The PERTURB button. The PERTURB button has little effect on what you see in the twinkling nodes. This dynamic system has only 3 known basins and it almost always falls into the same basin. (If you just started reading, what that last sentence means will become clearer as you read more about discrete dynamic systems.)

Adjusting your Computer's speed to your Monitor's speed: Most monitors cannot paint accurately faster than 66 to 77 times per second. In this class dynamic systems, we ask the computer to paint each iteration of the system to the screen. Depending on the how fast your computer is (it's clock speed mhz or Hz and what type of video card it has) this software may send requests to paint images 1000 or more times per second. Once the iterations per second is higher that 65 or 70 iterations per second (ips) what you see on the screen is some undetermined interaction between your monitor hardware and the behavior of the dynamic system. In other words, you aren't seeing the behavior of the system any more, you are seeing that part of the behavior that the screen happens to capture.

Solution. Click on the Use Speed radio button and then set the Delay (between iterations) slider so that when you push the Play button the ips indicator (next to the Play controls) falls somewhere between 4 and 66 ips. In that range you should get an accurate picture of the behavior of the system.

If your computer is slow, you may not need to use the Speed control.
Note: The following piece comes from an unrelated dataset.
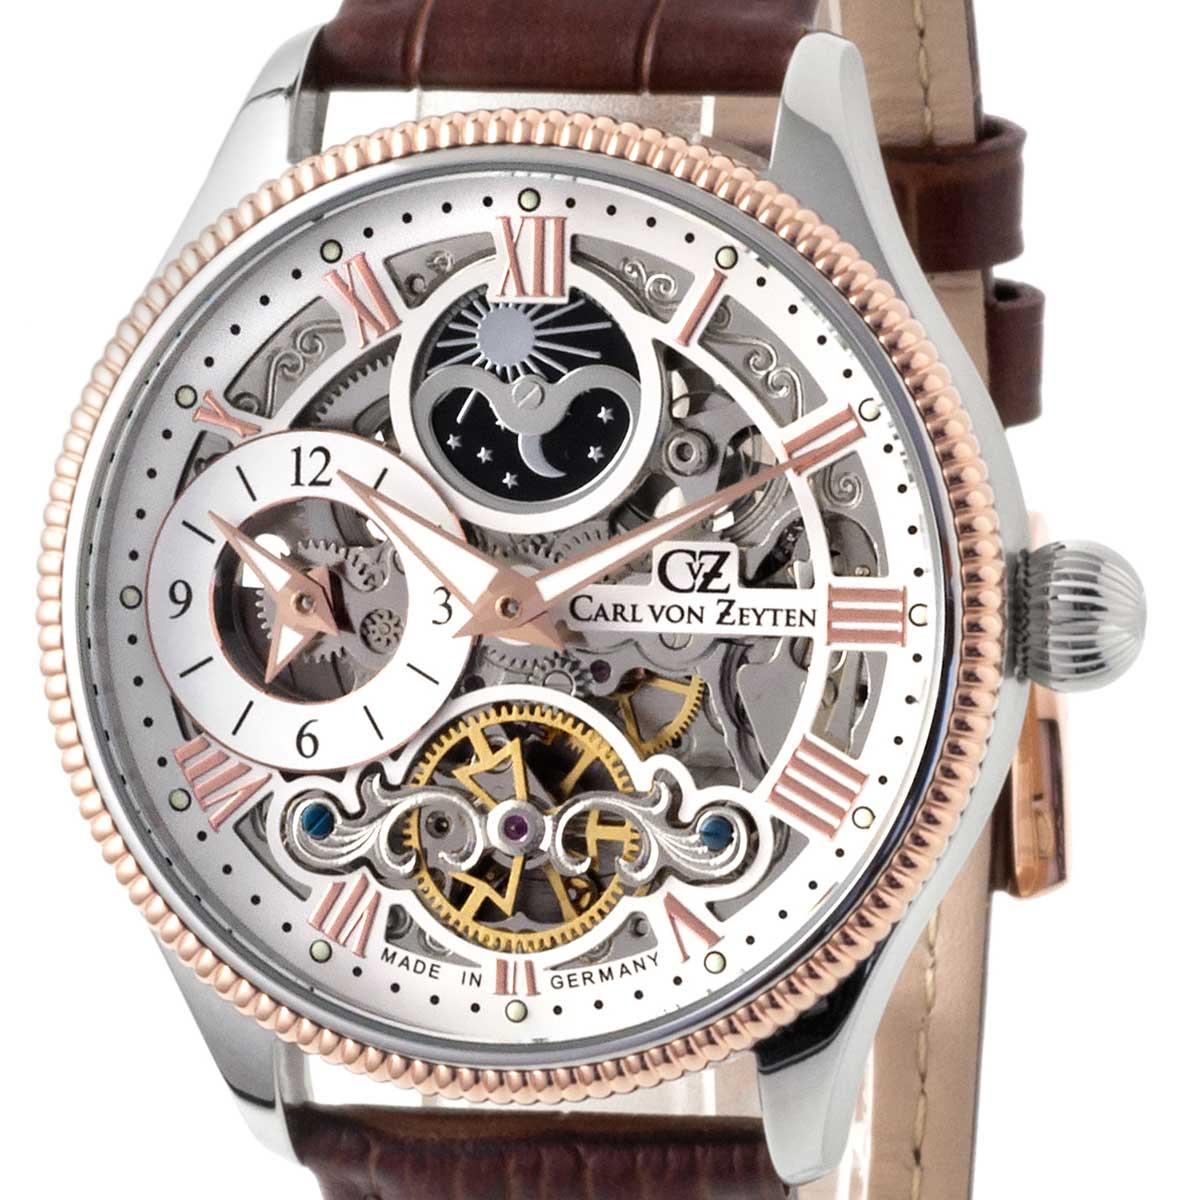 Carl von Zeyten カール・フォン・ツォイテン 自動巻き(手巻き機能あり) 腕時計 [CvZ0034RWH] 正規代理店品  デイ&ナイト(サン&ムーン)スケルトン

Information about this Dynamic System: Number of nodes, N= 16; Connections per node, K = 3, Self-referencing nodes = 100%, Inline connections to upstream neighbors = 100%. It's wiring is not pseudo-randomly constructed, rather each node receives input from the three neighbors to its right (reading across and down rows as you would in English text). The general characteristics of the pattern of connection among nodes is shown in the figure at right. The truth tables for each node are generated pseudo-randomly. The system has only three known basins and almost always falls into the same basin when perturbed.